Blue Lattitudes by Tony Horowitz - I bought this book to read in Hawaii, but never finished it on my trip. Tony Horowitz is an amazing writer. I loved "Confederates in the Attic" and just knew I would love this book on Captain Cook. There is a Captain Cook monument in the town where my highschool is located on Kauai. Back when I was in highschool at Waimea, there was even some huge celebration on some anniversary of his landing and there were representatives from his birthplace in England there. It was such a big deal on my island that year.

2nd Chances by James Patterson - the man is an amazing storyteller. I couldn't put the book down and thoroughly enjoyed it. I love books that I can't put down. I don't normally like crime fiction, but I can see why his books sell very well.

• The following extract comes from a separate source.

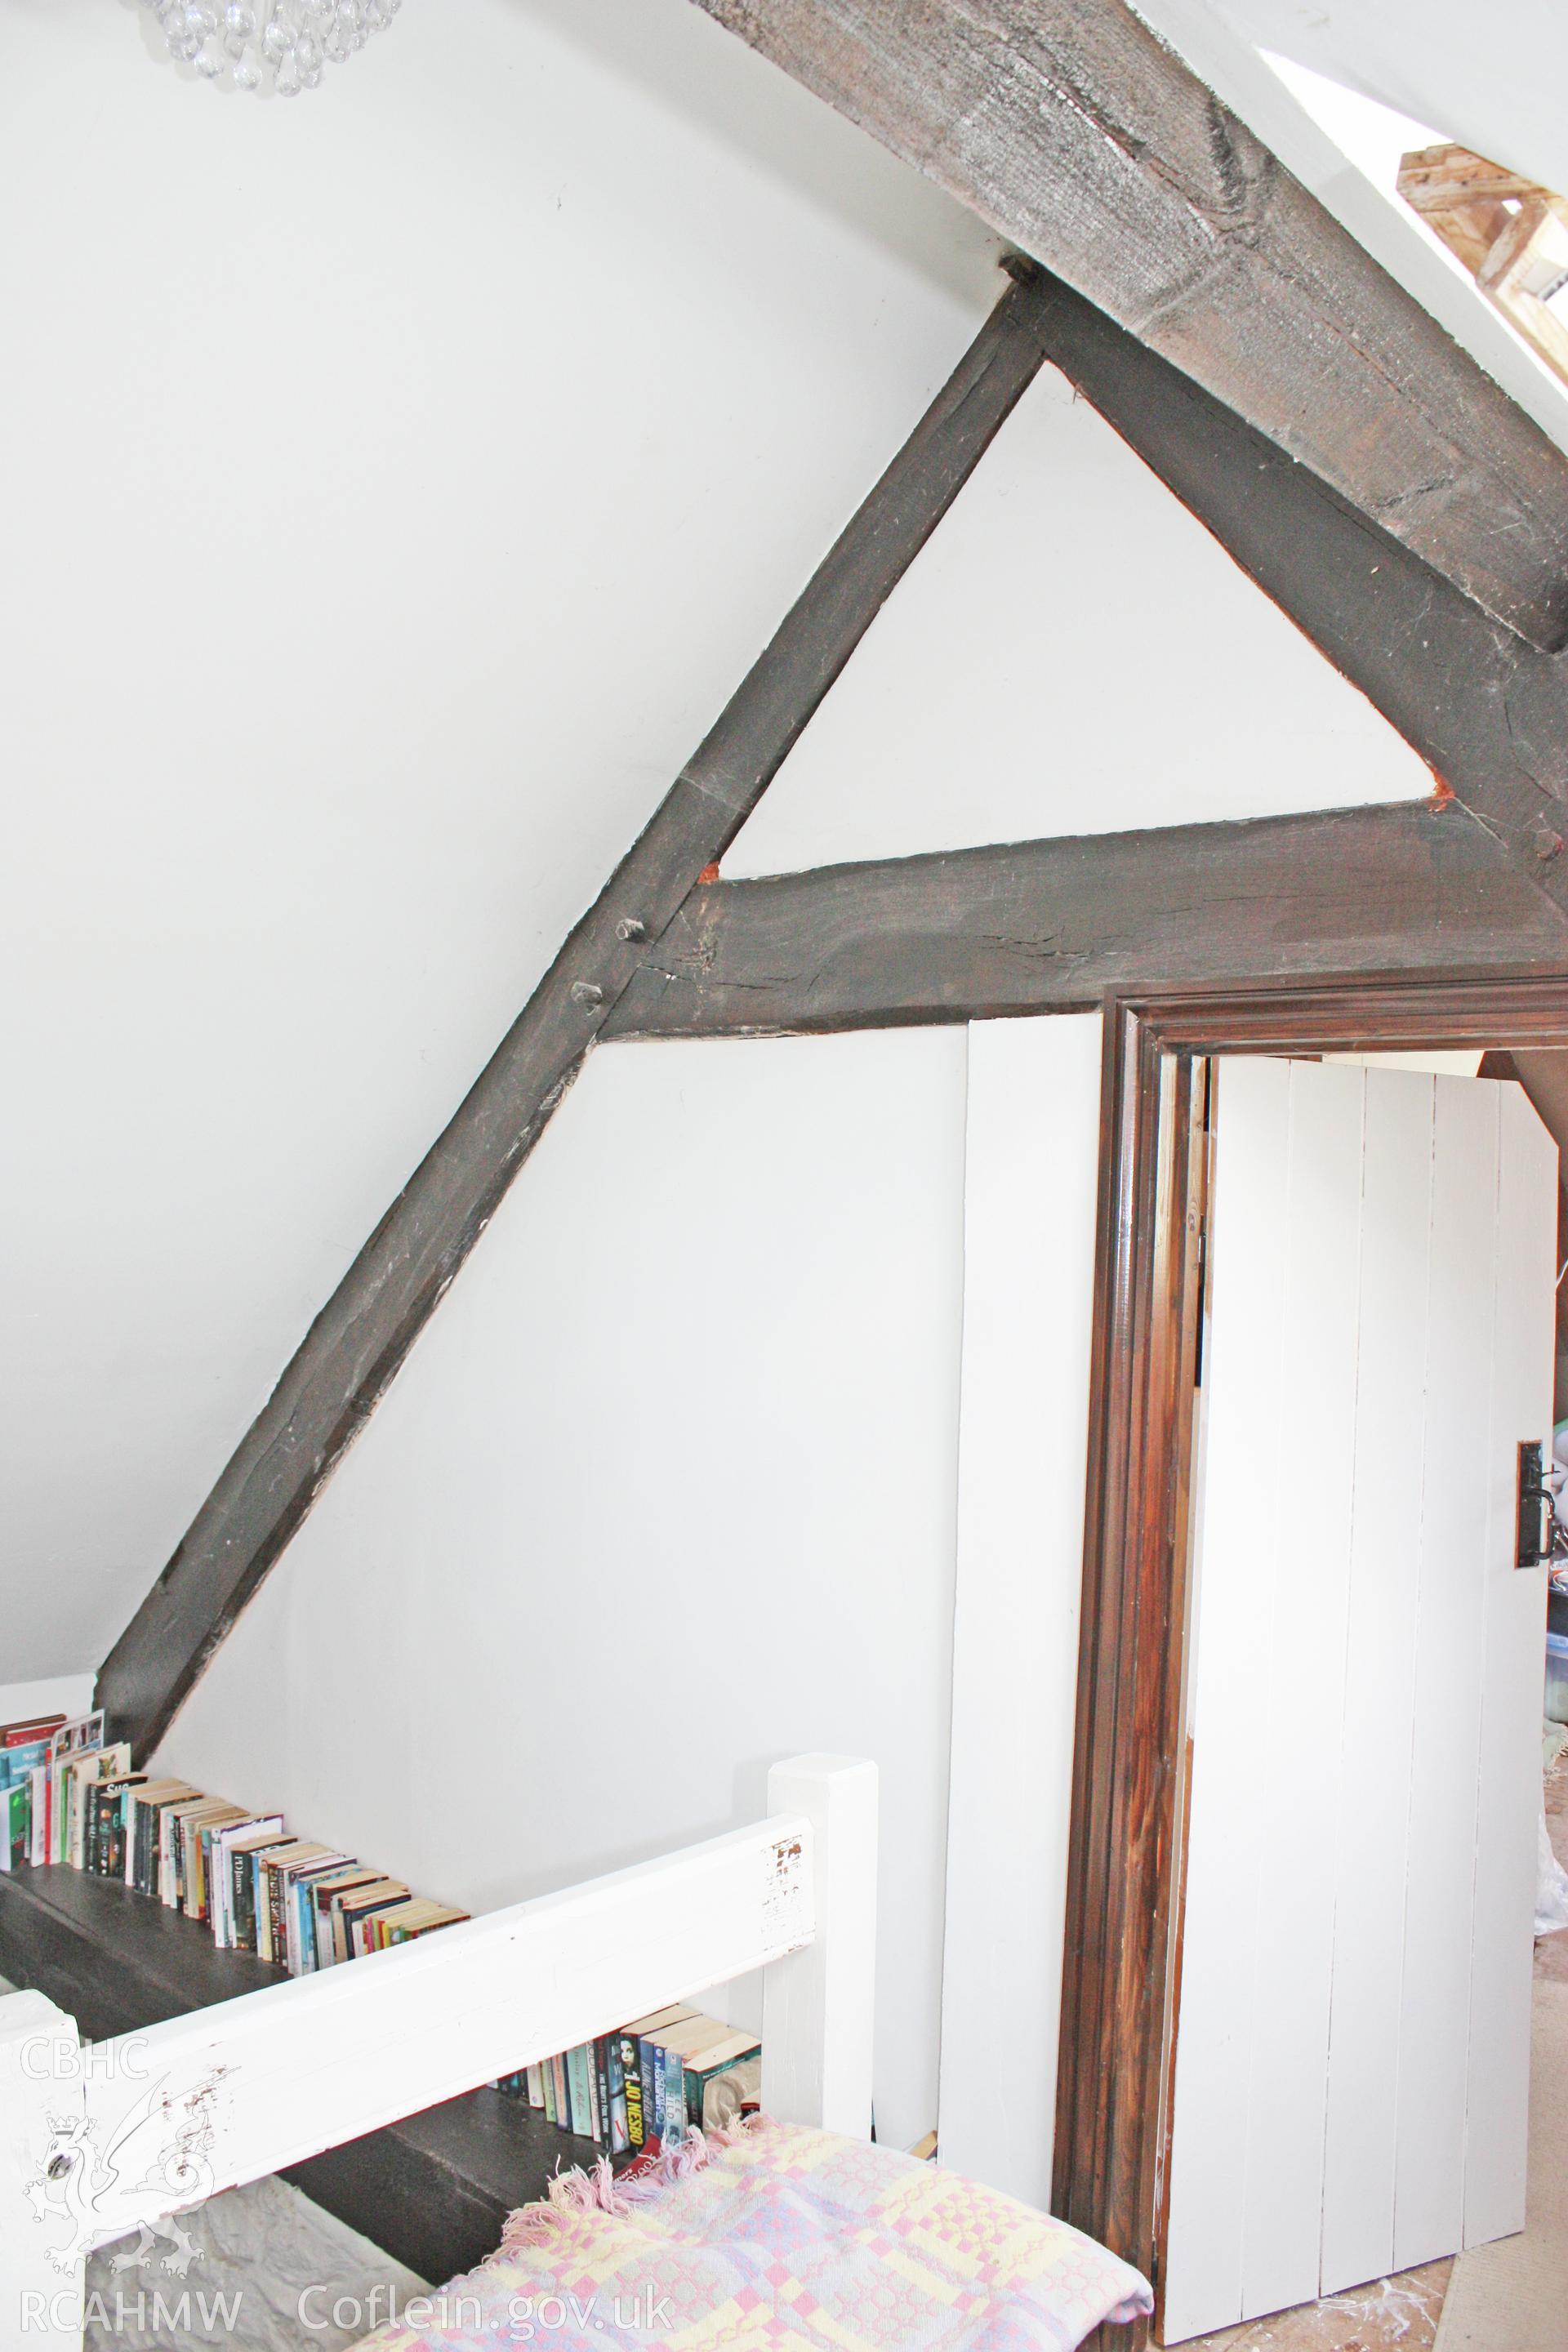 Glantywi House, interior view, roof-truss at stair-well.

The House of the Seven Gables by Nathaniel Hawthorne - this was an amazing book. I loved the way it was written and I loved the characters. The storyteller in the book had such a sense of humor. And much to my surprise, it was quite the romance! I was expecting more of a gothic horror novel, and I suppose it was, but it was also such a cute love story.

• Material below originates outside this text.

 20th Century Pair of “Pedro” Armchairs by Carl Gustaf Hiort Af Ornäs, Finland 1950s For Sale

The Alchemist by Paul Coelho - J and M from my writing group recommended this book and they were so right - this is an amazing book. It is so spiritual and I am so relating to Santiago right now especially with regard to my writing, since I sincerely believe being a paid writer is my "personal legend". In the beginning of my writing journey, writing every day came so easily. It's called "beginner's luck" in the book. But these last two years have been pretty hard and I've had to struggle daily to have any enthusiasm to write. I know I lost my focus on my personal legend, having been consumed with my new job in 2003 and then trying to have a relationship. But I have been at my new job for two years now, and although I still do not have the relationships of my dreams, I found out in these last two years that my heart is still open and that if I balance my life I can still pursue my writing and still have a relationship.